Der französische Maler und Bildhauer Edgar Degas war ein geradezu besessener Meister der Bewegung, allein 1.500 Bilder von Tänzerinnen zählt sein umfangreiches Werk. Von Stillleben zu Cabarets, von Pferderennen zu lärmigen Straßen ließ Degas keine Ecke der Pariser Vergnügungswelt aus. Ohne sich in eine Schublade stecken zu lassen, inspirierte und spiegelte er mit seinen Studien der Körperlichkeit den Impressionismus und wuchs schließlich über ihn hinaus.
Edgar Degas (18341917), der meist mit der Entstehung des Impressionismus in Paris Mitte des 19. Jahrhunderts in Verbindung gebracht wird, war tatsächlich nur schwer einzuordnen.

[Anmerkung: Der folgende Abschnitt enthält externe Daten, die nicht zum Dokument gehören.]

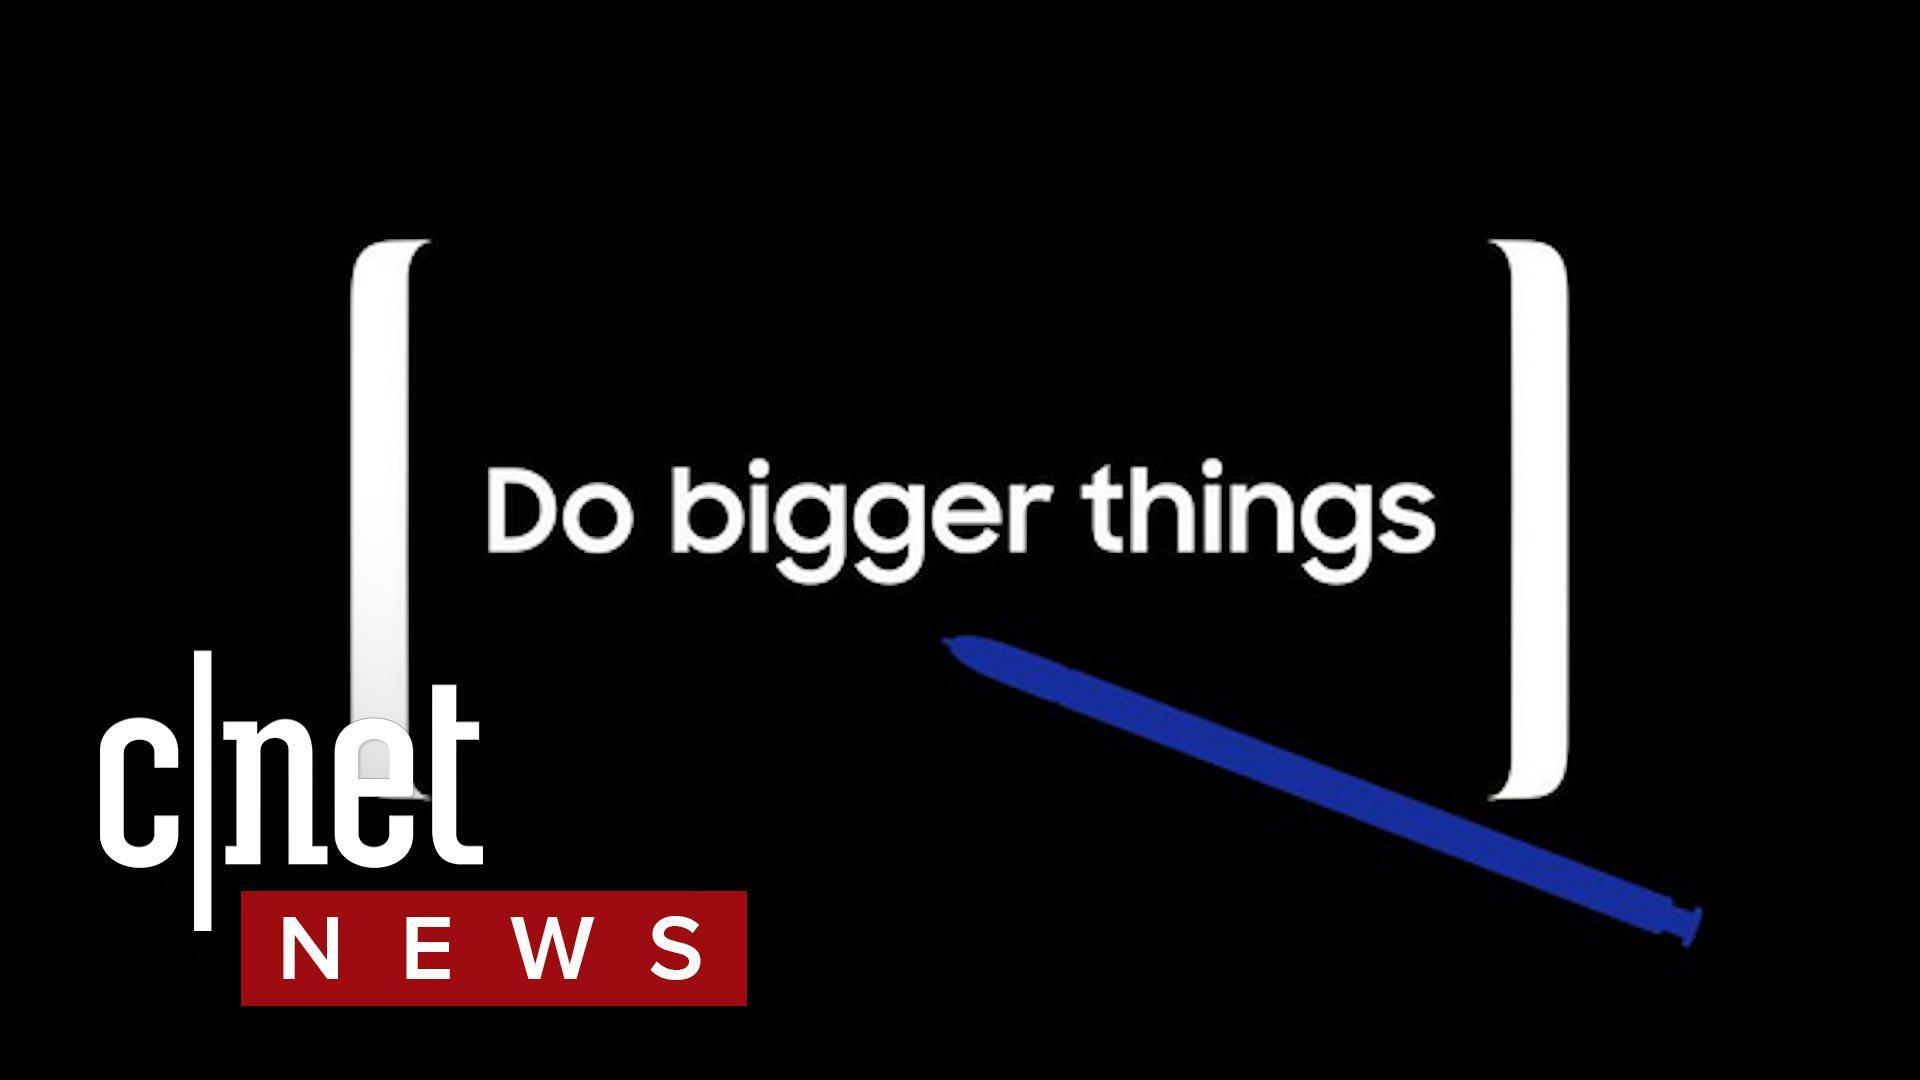 Samsung Galaxy Note 8 reveal set for Aug. 23; Musk plans East Coast hyperloop

Er entwickelte einen ganz eigenen Stil, der gleichermaßen geprägt war vom Studium der alten Meister wie vom Tempo und Rhythmus der modernen Großstadt und der Lust am Experiment. Als ältester Spross einer wohlhabenden, kunstsinnigen Familie war Degas Mitveranstalter einer Reihe von Ausstellungen impressionistischer Kunst, setzte sich aber schon bald von der Gruppe ab, um einen realistischeren Ansatz zu verfolgen. Seine Motive fand er in den belebten, lärmigen Straßen von Paris, aber auch in den Amüsierbetrieben der Stadt, wie etwa beim Pferderennen, im Varieté und vor allem beim Ballett. Aus einfallsreichen, oft unkonventionellen Blickwinkeln zeigen rund 1.500 seiner Arbeiten Tänzerinnen, bevorzugt in unbeobachteten, intimen Momenten hinter der Bühne, bei der Toilette, beim Ausruhen, bei der Pflege und Disziplinierung ihrer Körper, wobei ihm eine neue, einzigartige Perspektive auf den weiblichen Körper gelingt. Bilder wie Foyer in der Oper (1872), Musiker im Orchester (1872) und viele mehr vermitteln einen ersten Eindruck vom Werk Degas, das sich jeder Kategorisierung entzog und durchaus vielfältiger ist, als seine populären Ballettbilder vermuten lassen.
Autorentext
Bernd Growe (1950-1992) war von 1979 bis 1990 als Kunsthistoriker an der Justus-Liebig-Universität in Gießen tätig. Bei TASCHEN erschien seine Monografie über Edgar Degas.
Klappentext
Tänzerinnen - das Lieblingsthema von Edgar Degas
"Keine Kunst ist weniger spontan als die meine. Inspiration, Spontaneität und Temperament sind mir unbekannt. Das gleiche Sujet muss man zehn-, sogar hundertmal wiederholen. Nichts in der Kunst sollte zufällig aussehen, nicht einmal Bewegung." Edgar Degas
Der Schlüssel zum Verständnis der Themen und Techniken im Frühwerk von Edgar Degas (1834-1917) ist die klassische Malerei. Obwohl er den Impressionisten nahe stand und sogar an ihren Gruppenausstellungen teilnahm, verfolgte Degas niemals einen rein impressionistischen Ansatz.
Seine Arbeit spiegelt eine äußerst persönliche und psychologische Perspektive wider und betont das Szenische oder konzentriert sich auf Details. Degas' Malerei wird daher oftmals im Zusammenhang mit dem Aufstieg moderner Fotografietechniken diskutiert. Die Natur erwies sich für den Künstler als ein weniger interessantes Thema als das Leben und die Bewohner der modernen Metropolen. Er fand seine Motive vornehmlich in Ballettsälen, auf der Rennstrecke, im Zirkus oder in Schlafzimmern - Tänzerinnen blieben jedoch immer sein Lieblingsthema.